Lee Gregory D, Chen Vicki M, Barnes Alexander C, Goldman Darin R, Duker Jay S
Tufts Medical Center Ophthalmology, Boston, Massachusetts.
Tufts Medical Center Ophthalmology, Boston, Massachusetts.
J AAPOS. 2014 Jun;18(3):303-5. doi: 10.1016/j.jaapos.2014.02.009.

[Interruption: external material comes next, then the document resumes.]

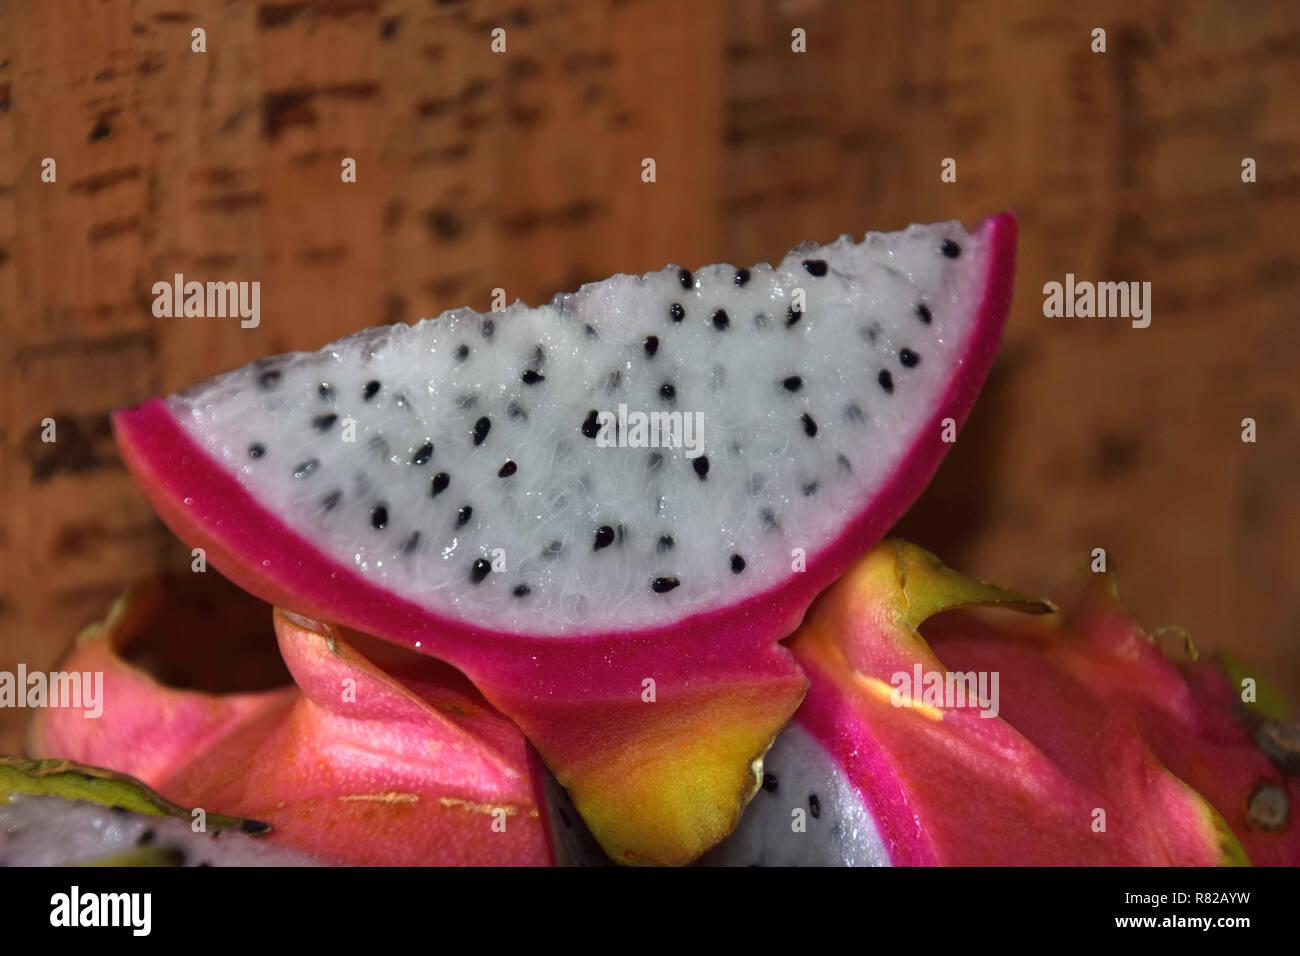 macro shot of slice of dragon fruit in front of cork background , pitaya blanca or white-fleshed and pink-skinned ripe pitahaya fruit also called hylo - Stock Image

A 2-year-old girl with congenital sensorineural hearing loss was found to have retinal exudation and subretinal fluid in her left eye. Further investigation revealed leaking retinal telangiectasias in her left eye and extensive areas of peripheral retinal nonperfusion in both eyes. A clinical diagnosis of facioscapulohumeral muscular dystrophy (FSHD) was confirmed by genetic testing. The patient was followed with serial intraoperative optical coherence tomography (OCT) scans, which demonstrated subretinal fluid in the macula and its subsequent resolution after treatment. She underwent 6 rounds of panretinal photocoagulation and 2 injections of intravitreal bevacizumab, which resolved the subretinal fluid and exudates.
一名患有先天性感音神经性听力损失的2岁女孩被发现左眼有视网膜渗出和视网膜下液。进一步检查发现其左眼有渗漏性视网膜毛细血管扩张,双眼有广泛的周边视网膜无灌注区。基因检测证实临床诊断为面肩肱型肌营养不良(FSHD)。对该患者进行了系列术中光学相干断层扫描(OCT)随访,结果显示黄斑区有视网膜下液,治疗后其随后消退。她接受了6轮全视网膜光凝和2次玻璃体内注射贝伐单抗,视网膜下液和渗出物得以消退。